In order to understand why non-religious French Arabs turn to Islam and become radicalized (some more than others) it might be helpful to look into why so many African-Americans converted to Islam during the Civil Rights Movement. I first read about The Civil Rights Movement in my senior year in high school, so ages ago. It's about time I started reading about this again. I need to dig deeper, go beyond the facts.

*

Yet another distinction people aren't willing to make these days is that the ones who lack humor are fanatics, and not ALL Muslims. (I already feel ridiculous repeating "not ALL Muslims" b/c no one should have to say smth so obvious; I didn't need to read a book on a cognitive-behavioral approach to depression to know that absolute generalizations like "all [insert group of people]" are indicative of a flawed logic; but maybe some ppl could use such a read? anyways.) So, this inexplicably super-popular blogger (also a writer and a filmmaker? ugh, who gives a sh-- ?) who seems to be an expert on everything under this Sun and beyond (not a  generalization, a hyperbole *wink*) made a HUGE discovery: he looked up the equivalents for humor, irony, and sarcasm in a Persian dictionary and - lo and behold - he didn't find them. (And what am I supposed to understand from this? That Muslims have no sense of humor?) Maybe he should look up "ridiculous" cause I'm sure he'll find this word. With his picture next to it. How can you conclude these words don't exist in a language just because you couldn't find them in a dictionary? Wouldn't smth like oh, IDK, logic (?) require you to first question the source, i.e. the dictionary that is surely incomplete, and then do more research before you draw your conclusions?! Seriously! Besides: satire is a special kind of humor - it's about mockery, and as this guy pointed out, there is an equivalent for this in his little useless dictionary. Moreover: just because you can't find linguistic equivalents for words like humor, irony and sarcasm, that doesn't automatically mean that the concepts are unknown in that culture. I take Satrapi's graphic novels as an indication of that (yes, her education is very French, but most of the hilarious dialogues in her graphic novels are b/w her Iranian relatives in, you know, Iran).
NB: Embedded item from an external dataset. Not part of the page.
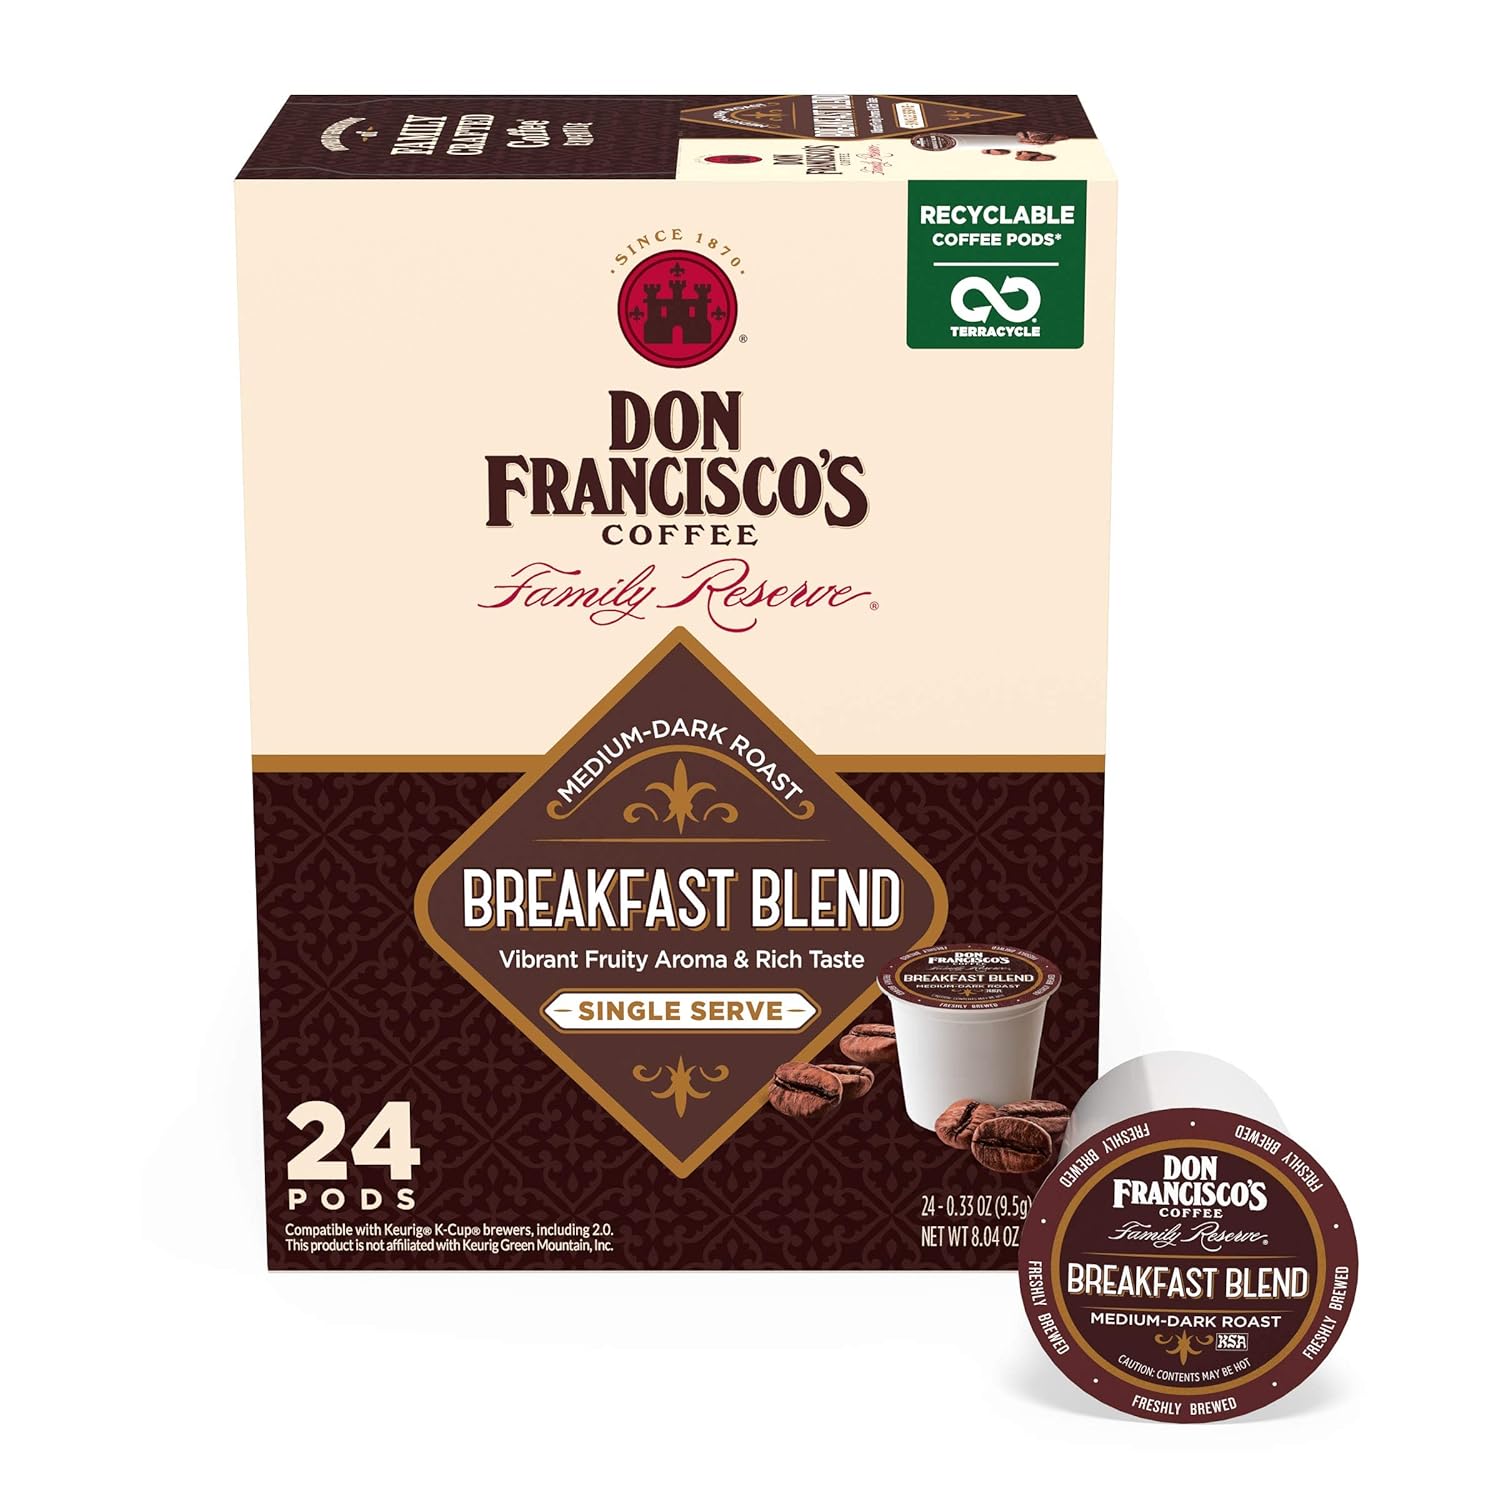 Don Francisco's Breakfast Blend Medium-Dark Roast Coffee Pods - 24 Count - Recyclable Single-Serve Coffee Pods, Compatible with your K- Cup Keurig Coffee Maker

(Also: making assumptions about an entire culture based on your encounter with that culture is not only intellectually dishonest but also dangerous. It's the type of thing that - when compounded - leads to failure after failure in the intercultural dialogue. If you experience a cultural clash, keep in mind that about 50% of that is a failure on your part. I should know it.)
*

This is the best random find at this moment: When Satire Conquered Iran. I still can't get over how perfect this is for the point I've tried to make above. More and more convinced racism / misogyny / homophobia etc. come from an unwillingness to bother reading a few lines that challenge your preconceptions about the Other.

*

This little exercise of mine is already wearing me down. It is already a failure. Instead of doing my research, I keep getting fixated on and responding passive-aggressively to random stuff I see on that stupid FB. Sigh.